→ Task objective
Select, from the material below, each line with "Germany" in it.

→ Records provided
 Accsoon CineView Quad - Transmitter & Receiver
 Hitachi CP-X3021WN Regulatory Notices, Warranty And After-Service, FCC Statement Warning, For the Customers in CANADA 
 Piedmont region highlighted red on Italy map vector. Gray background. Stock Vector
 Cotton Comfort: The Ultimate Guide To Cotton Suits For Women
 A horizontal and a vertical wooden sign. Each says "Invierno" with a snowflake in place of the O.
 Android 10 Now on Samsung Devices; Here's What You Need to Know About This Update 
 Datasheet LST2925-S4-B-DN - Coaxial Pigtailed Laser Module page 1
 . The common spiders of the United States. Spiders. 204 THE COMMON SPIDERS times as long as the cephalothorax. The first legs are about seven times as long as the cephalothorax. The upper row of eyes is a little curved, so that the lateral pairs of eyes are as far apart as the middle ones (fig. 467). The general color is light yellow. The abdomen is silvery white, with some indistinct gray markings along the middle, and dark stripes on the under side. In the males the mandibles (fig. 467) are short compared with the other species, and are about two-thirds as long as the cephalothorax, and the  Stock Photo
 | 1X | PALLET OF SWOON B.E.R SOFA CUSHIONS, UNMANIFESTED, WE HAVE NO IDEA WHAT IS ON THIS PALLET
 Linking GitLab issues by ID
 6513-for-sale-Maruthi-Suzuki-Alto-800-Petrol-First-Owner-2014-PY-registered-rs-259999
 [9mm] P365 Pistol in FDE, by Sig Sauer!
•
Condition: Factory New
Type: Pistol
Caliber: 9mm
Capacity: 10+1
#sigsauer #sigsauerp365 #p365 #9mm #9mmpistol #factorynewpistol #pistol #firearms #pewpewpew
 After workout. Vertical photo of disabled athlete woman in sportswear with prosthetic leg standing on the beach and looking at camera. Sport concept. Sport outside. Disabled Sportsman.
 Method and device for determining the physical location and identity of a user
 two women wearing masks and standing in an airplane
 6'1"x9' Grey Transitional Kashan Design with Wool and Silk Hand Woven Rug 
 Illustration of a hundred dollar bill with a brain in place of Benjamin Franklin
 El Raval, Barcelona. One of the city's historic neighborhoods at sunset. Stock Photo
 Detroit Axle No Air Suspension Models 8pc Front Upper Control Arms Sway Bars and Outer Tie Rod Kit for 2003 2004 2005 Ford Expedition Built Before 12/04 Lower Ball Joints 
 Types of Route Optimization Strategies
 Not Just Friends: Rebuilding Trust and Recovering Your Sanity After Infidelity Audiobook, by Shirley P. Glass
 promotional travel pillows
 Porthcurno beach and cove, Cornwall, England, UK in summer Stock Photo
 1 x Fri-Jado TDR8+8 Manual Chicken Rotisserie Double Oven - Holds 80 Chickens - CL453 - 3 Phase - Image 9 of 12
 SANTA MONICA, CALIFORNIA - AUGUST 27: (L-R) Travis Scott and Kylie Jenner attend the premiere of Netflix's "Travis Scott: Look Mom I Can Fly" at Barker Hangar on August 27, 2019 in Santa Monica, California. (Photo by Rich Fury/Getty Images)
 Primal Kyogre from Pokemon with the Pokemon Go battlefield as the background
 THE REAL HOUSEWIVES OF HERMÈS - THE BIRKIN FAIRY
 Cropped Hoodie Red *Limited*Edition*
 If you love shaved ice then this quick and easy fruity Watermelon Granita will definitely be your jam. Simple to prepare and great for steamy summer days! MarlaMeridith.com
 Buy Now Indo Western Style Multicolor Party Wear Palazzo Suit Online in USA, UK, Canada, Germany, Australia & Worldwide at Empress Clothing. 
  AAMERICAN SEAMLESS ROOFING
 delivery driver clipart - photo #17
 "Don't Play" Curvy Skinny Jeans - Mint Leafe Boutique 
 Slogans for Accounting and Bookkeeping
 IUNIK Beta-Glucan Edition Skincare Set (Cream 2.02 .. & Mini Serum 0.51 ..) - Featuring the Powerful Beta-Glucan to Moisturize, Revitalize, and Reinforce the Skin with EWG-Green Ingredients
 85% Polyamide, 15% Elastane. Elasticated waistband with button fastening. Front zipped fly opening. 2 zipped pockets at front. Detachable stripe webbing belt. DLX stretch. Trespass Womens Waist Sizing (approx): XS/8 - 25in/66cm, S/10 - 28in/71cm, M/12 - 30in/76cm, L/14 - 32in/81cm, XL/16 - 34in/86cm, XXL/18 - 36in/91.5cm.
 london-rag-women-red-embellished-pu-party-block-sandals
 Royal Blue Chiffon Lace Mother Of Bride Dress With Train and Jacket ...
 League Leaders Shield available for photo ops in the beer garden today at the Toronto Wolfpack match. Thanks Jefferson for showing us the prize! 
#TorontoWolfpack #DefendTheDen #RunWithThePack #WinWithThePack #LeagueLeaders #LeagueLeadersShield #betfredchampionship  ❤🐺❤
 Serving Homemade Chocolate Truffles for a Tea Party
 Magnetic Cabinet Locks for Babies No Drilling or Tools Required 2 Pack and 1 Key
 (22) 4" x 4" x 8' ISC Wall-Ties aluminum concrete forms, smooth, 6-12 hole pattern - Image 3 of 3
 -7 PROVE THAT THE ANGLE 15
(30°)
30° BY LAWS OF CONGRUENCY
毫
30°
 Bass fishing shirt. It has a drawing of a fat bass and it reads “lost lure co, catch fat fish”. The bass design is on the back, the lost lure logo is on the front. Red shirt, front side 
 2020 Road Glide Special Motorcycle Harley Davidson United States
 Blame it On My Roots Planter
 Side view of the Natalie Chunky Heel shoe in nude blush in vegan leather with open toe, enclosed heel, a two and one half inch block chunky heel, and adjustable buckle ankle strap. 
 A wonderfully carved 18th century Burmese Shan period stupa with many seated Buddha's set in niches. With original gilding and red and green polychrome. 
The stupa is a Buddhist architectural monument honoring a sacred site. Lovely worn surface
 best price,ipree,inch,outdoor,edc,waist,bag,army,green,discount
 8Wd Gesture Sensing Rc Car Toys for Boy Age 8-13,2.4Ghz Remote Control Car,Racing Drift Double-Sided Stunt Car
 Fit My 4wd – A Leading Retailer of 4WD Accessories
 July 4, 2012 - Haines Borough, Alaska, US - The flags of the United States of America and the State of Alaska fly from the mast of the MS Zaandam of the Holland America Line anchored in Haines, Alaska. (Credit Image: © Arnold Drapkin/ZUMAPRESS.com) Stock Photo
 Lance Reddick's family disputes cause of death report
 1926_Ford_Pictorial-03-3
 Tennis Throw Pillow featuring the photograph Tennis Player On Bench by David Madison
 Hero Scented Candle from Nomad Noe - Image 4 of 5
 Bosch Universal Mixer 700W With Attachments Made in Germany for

→ Task solution
 Buy Now Indo Western Style Multicolor Party Wear Palazzo Suit Online in USA, UK, Canada, Germany, Australia & Worldwide at Empress Clothing. 
 Bosch Universal Mixer 700W With Attachments Made in Germany for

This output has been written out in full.